La première  : Mon MBP 15" : Date prévue : 3 Aout 
                                           Date Recu : 1Aout
La deuxième : Mon sac pour MBP : Date prévue 30 Aout 
                                                   Date Recu : 29 Aout
La Troisième : Le MB de ma copine : Date Prévue et recue : 11 Septembre


Donc no problèmo ... ( a signaler que c'est en belgique a bruxelles ... c'est ptet un souci de TNT france le reste  )


----------



## NainTernaute (4 Octobre 2007)

Pour ma part je commence à m'inquiéter un peu avec toutes ces histoires :/
Mon iPod nano est signalé comme "Metz - Onforwarded For Delivery" depuis ce matin, 10h22 et toujours rien ... Pourtant j'habite à 1h30 de Metz ...
Est-ce normal que le livreur mette plus de 6h pour faire le trajet ?  Ou le recevrais-je tout simplement demain ?

Sinon, c'est mon adresse perso, il n'y avait personne mais j'avais mis un petit post-it sur mon interphone avec l'adresse du boulot de mon père à l'intention du livreur. Le post-it est resté là tout l'aprem, et il n'y a rien dans la boîte aux lettres.

Est-ce inquiétant ou est-ce normal et je serai livré tout simplement demain matin ?

Merci d'avance​


----------



## answald (4 Octobre 2007)

Je suis assez satisfait de TNT. Mon iPod a été livré dans les temps. J'ai même commandé un Nano qui est arrivé à peine 3 jours après commande sur l'AppleStore ! 

Pour ce qui est de mon MacBook, j'ai attendu un peu plus d'une semaine. Là, c'est vrai que ça été plus long.

Concernant l'état des paquets : tous en très bon état. Pas enfoncés, pas de paquets déchirés... Donc, au final, je n'ai rien à reprocher à TNT.


----------



## pim (4 Octobre 2007)

NainTernaute a dit:


> Mon iPod nano est signalé comme "Metz - Onforwarded For Delivery" depuis ce matin, 10h22 et toujours rien ...

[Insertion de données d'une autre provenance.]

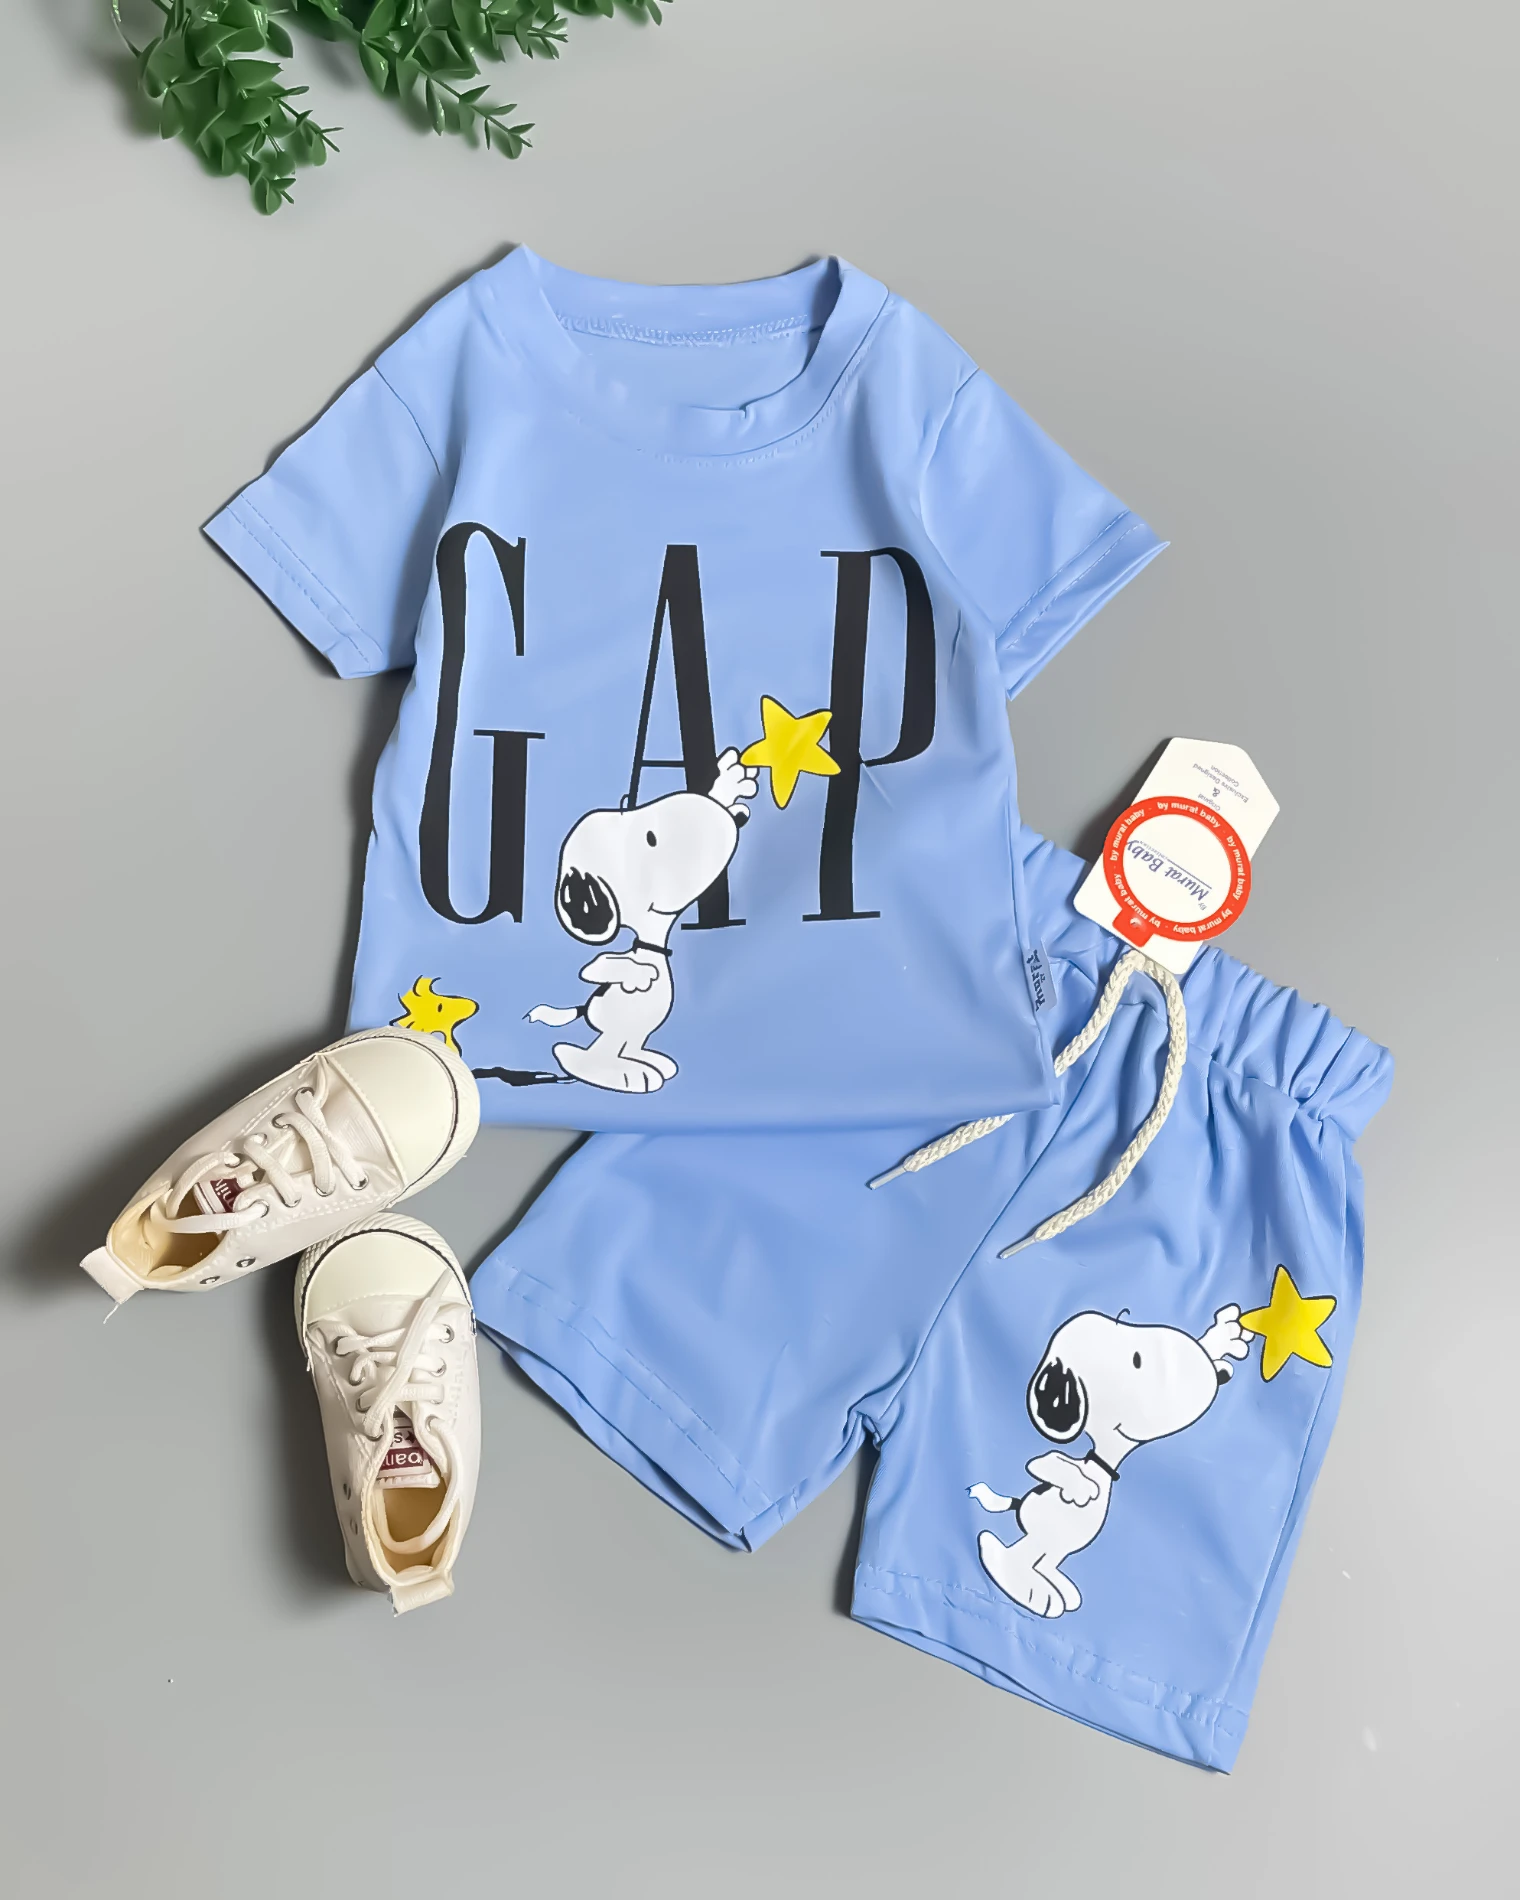 Miniapple Yazlık Büyük Yaş Gapp Snopp Baskılı 2’li Çocuk Takımı - MAVİ
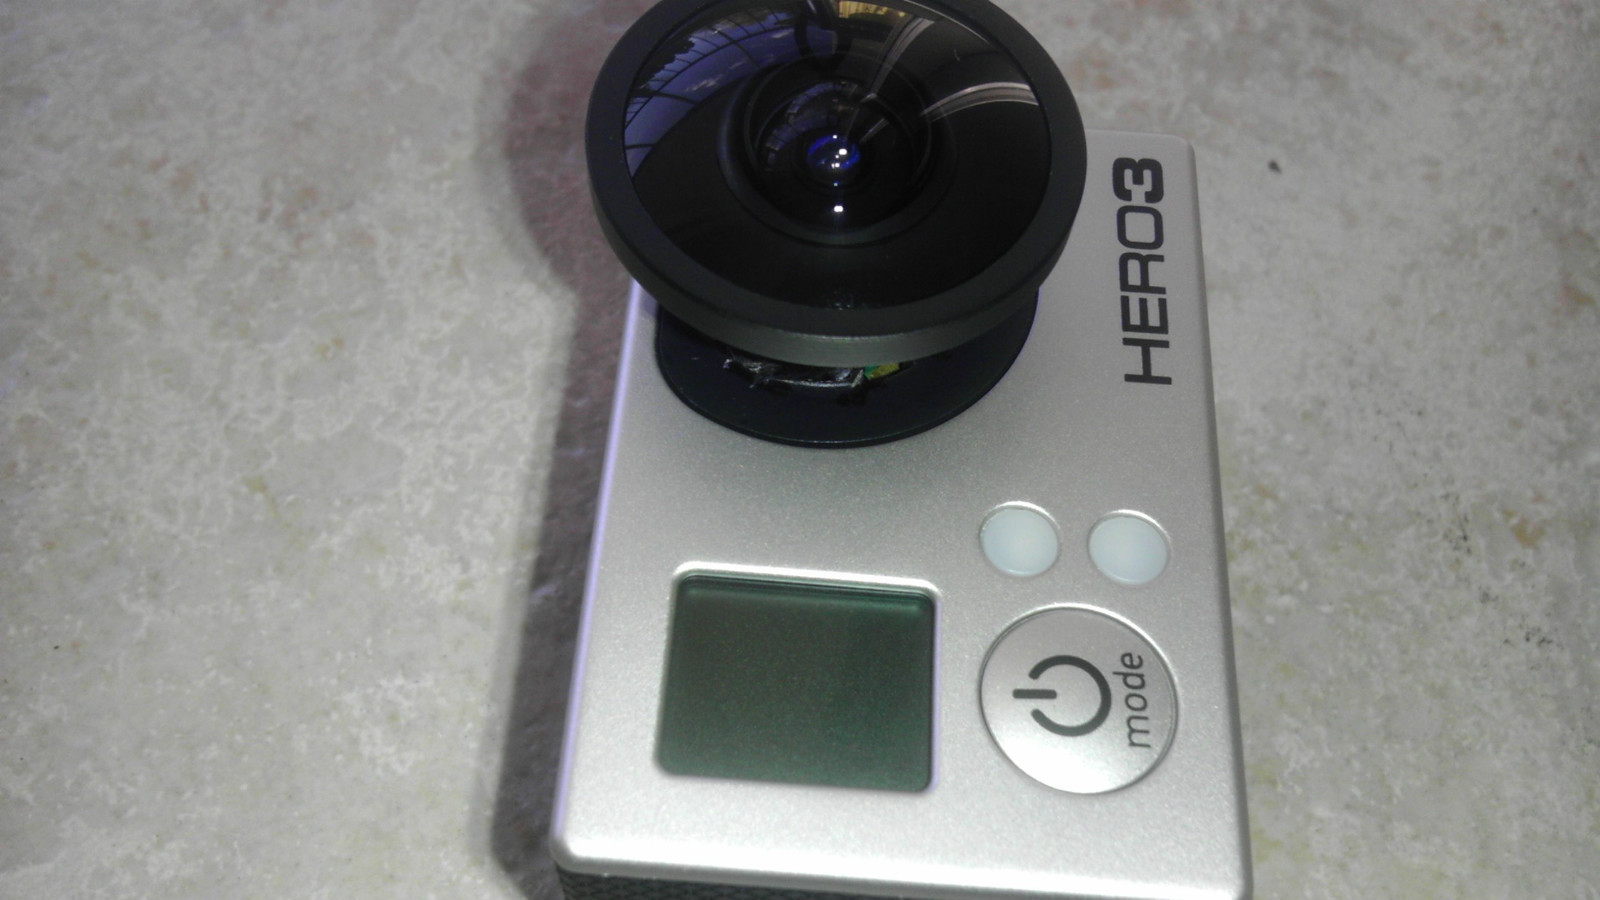 1.4mm circular fish eye lens for hero3 panoramic view

Passe un petit coup de fil à TNT, souvent le site web n'est pas à jour. En revanche je crois que les horaires de leur service international c'est 8h - 18h - mais tu peux toujours essayer, surtout si tu n'as pas trop peur des numéros surtaxés


----------



## NainTernaute (4 Octobre 2007)

pim a dit:


> Passe un petit coup de fil à TNT, souvent le site web n'est pas à jour. En revanche je crois que les horaires de leur service international c'est 8h - 18h - mais tu peux toujours essayer, surtout si tu n'as pas trop peur des numéros surtaxés



Pour me taper un numéro surtaxé qui va me faire écouter une musique d'attente pendant 10 mn pour finalement me dire qu'ils peuvent pas me renseigner, je préfère d'attendre "patiemment" demain et voir la suite des évènements


----------



## Cillian (4 Octobre 2007)

NainTernaute a dit:


> Sinon, c'est mon adresse perso, il n'y avait personne mais j'avais mis un petit post-it sur mon interphone avec l'adresse du boulot de mon père à l'intention du livreur. Le post-it est resté là tout l'aprem, et il n'y a rien dans la boîte aux lettres.​



Bonsoir, 

La théorie et la consigne veulent que les livreurs présentent les colis à l'adresse indiquée sur ce dernier.
La pratique et l'humeur du jour du livreur en décident parfois autrement.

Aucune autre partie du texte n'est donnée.